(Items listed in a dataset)
- - - -
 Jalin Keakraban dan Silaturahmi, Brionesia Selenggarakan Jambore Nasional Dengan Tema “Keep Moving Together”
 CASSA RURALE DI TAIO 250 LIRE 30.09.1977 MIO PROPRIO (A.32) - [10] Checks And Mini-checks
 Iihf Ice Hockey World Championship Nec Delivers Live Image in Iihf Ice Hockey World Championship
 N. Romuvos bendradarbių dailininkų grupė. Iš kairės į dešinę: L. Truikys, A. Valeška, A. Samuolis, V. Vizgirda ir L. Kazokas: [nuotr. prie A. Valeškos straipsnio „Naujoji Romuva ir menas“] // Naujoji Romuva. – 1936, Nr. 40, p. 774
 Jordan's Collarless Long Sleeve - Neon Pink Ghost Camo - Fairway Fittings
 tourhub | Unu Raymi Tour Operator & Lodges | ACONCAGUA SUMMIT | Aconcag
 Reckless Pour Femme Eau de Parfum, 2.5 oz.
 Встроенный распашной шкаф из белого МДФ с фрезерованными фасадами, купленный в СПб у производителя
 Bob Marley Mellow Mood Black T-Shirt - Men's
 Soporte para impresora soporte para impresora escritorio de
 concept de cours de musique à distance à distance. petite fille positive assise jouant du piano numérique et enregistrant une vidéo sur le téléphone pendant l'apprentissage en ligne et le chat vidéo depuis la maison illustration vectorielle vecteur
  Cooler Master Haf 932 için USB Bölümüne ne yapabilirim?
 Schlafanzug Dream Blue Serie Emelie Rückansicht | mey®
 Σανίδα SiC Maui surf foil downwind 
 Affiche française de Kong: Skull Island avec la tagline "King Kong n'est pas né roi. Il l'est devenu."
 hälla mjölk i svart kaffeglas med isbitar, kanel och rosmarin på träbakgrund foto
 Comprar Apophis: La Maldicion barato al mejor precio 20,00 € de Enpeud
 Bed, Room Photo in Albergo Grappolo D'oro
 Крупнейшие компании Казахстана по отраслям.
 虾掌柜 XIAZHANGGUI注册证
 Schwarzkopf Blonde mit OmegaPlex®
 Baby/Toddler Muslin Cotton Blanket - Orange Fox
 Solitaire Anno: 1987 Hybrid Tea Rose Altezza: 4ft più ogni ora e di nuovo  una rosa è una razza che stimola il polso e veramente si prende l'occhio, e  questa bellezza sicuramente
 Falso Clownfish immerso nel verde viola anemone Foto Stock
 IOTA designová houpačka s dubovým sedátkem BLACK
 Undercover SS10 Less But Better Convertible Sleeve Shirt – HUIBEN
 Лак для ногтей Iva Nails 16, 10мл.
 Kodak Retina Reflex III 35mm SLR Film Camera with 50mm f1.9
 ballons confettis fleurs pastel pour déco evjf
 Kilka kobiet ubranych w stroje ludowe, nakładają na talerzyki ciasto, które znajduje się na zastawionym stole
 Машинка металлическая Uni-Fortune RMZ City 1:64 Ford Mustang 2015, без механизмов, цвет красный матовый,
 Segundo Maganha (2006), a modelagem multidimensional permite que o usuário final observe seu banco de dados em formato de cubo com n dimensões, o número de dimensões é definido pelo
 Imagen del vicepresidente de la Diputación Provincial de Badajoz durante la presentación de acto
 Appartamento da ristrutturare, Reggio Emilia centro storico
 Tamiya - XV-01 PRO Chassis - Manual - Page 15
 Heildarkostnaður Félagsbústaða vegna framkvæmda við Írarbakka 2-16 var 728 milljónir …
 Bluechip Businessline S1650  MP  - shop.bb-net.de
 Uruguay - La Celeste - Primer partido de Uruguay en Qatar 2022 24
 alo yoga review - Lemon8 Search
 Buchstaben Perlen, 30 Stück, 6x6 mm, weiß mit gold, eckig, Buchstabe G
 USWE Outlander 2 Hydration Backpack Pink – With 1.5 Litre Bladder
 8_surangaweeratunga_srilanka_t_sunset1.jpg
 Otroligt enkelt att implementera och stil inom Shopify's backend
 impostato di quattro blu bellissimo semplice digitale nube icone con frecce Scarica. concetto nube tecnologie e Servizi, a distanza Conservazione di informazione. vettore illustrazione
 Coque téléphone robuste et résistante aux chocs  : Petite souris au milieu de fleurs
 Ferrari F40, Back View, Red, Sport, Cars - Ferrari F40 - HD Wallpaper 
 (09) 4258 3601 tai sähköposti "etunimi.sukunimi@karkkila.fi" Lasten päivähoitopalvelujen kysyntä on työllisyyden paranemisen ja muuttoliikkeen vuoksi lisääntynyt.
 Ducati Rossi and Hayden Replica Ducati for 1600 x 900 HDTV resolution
- - - -
The data above should be copied exactly, with no line omitted.

 Jalin Keakraban dan Silaturahmi, Brionesia Selenggarakan Jambore Nasional Dengan Tema “Keep Moving Together”
 CASSA RURALE DI TAIO 250 LIRE 30.09.1977 MIO PROPRIO (A.32) - [10] Checks And Mini-checks
 Iihf Ice Hockey World Championship Nec Delivers Live Image in Iihf Ice Hockey World Championship
 N. Romuvos bendradarbių dailininkų grupė. Iš kairės į dešinę: L. Truikys, A. Valeška, A. Samuolis, V. Vizgirda ir L. Kazokas: [nuotr. prie A. Valeškos straipsnio „Naujoji Romuva ir menas“] // Naujoji Romuva. – 1936, Nr. 40, p. 774
 Jordan's Collarless Long Sleeve - Neon Pink Ghost Camo - Fairway Fittings
 tourhub | Unu Raymi Tour Operator & Lodges | ACONCAGUA SUMMIT | Aconcag
 Reckless Pour Femme Eau de Parfum, 2.5 oz.
 Встроенный распашной шкаф из белого МДФ с фрезерованными фасадами, купленный в СПб у производителя
 Bob Marley Mellow Mood Black T-Shirt - Men's
 Soporte para impresora soporte para impresora escritorio de
 concept de cours de musique à distance à distance. petite fille positive assise jouant du piano numérique et enregistrant une vidéo sur le téléphone pendant l'apprentissage en ligne et le chat vidéo depuis la maison illustration vectorielle vecteur
  Cooler Master Haf 932 için USB Bölümüne ne yapabilirim?
 Schlafanzug Dream Blue Serie Emelie Rückansicht | mey®
 Σανίδα SiC Maui surf foil downwind 
 Affiche française de Kong: Skull Island avec la tagline "King Kong n'est pas né roi. Il l'est devenu."
 hälla mjölk i svart kaffeglas med isbitar, kanel och rosmarin på träbakgrund foto
 Comprar Apophis: La Maldicion barato al mejor precio 20,00 € de Enpeud
 Bed, Room Photo in Albergo Grappolo D'oro
 Крупнейшие компании Казахстана по отраслям.
 虾掌柜 XIAZHANGGUI注册证
 Schwarzkopf Blonde mit OmegaPlex®
 Baby/Toddler Muslin Cotton Blanket - Orange Fox
 Solitaire Anno: 1987 Hybrid Tea Rose Altezza: 4ft più ogni ora e di nuovo  una rosa è una razza che stimola il polso e veramente si prende l'occhio, e  questa bellezza sicuramente
 Falso Clownfish immerso nel verde viola anemone Foto Stock
 IOTA designová houpačka s dubovým sedátkem BLACK
 Undercover SS10 Less But Better Convertible Sleeve Shirt – HUIBEN
 Лак для ногтей Iva Nails 16, 10мл.
 Kodak Retina Reflex III 35mm SLR Film Camera with 50mm f1.9
 ballons confettis fleurs pastel pour déco evjf
 Kilka kobiet ubranych w stroje ludowe, nakładają na talerzyki ciasto, które znajduje się na zastawionym stole
 Машинка металлическая Uni-Fortune RMZ City 1:64 Ford Mustang 2015, без механизмов, цвет красный матовый,
 Segundo Maganha (2006), a modelagem multidimensional permite que o usuário final observe seu banco de dados em formato de cubo com n dimensões, o número de dimensões é definido pelo
 Imagen del vicepresidente de la Diputación Provincial de Badajoz durante la presentación de acto
 Appartamento da ristrutturare, Reggio Emilia centro storico
 Tamiya - XV-01 PRO Chassis - Manual - Page 15
 Heildarkostnaður Félagsbústaða vegna framkvæmda við Írarbakka 2-16 var 728 milljónir …
 Bluechip Businessline S1650  MP  - shop.bb-net.de
 Uruguay - La Celeste - Primer partido de Uruguay en Qatar 2022 24
 alo yoga review - Lemon8 Search
 Buchstaben Perlen, 30 Stück, 6x6 mm, weiß mit gold, eckig, Buchstabe G
 USWE Outlander 2 Hydration Backpack Pink – With 1.5 Litre Bladder
 8_surangaweeratunga_srilanka_t_sunset1.jpg
 Otroligt enkelt att implementera och stil inom Shopify's backend
 impostato di quattro blu bellissimo semplice digitale nube icone con frecce Scarica. concetto nube tecnologie e Servizi, a distanza Conservazione di informazione. vettore illustrazione
 Coque téléphone robuste et résistante aux chocs  : Petite souris au milieu de fleurs
 Ferrari F40, Back View, Red, Sport, Cars - Ferrari F40 - HD Wallpaper 
 (09) 4258 3601 tai sähköposti "etunimi.sukunimi@karkkila.fi" Lasten päivähoitopalvelujen kysyntä on työllisyyden paranemisen ja muuttoliikkeen vuoksi lisääntynyt.
 Ducati Rossi and Hayden Replica Ducati for 1600 x 900 HDTV resolution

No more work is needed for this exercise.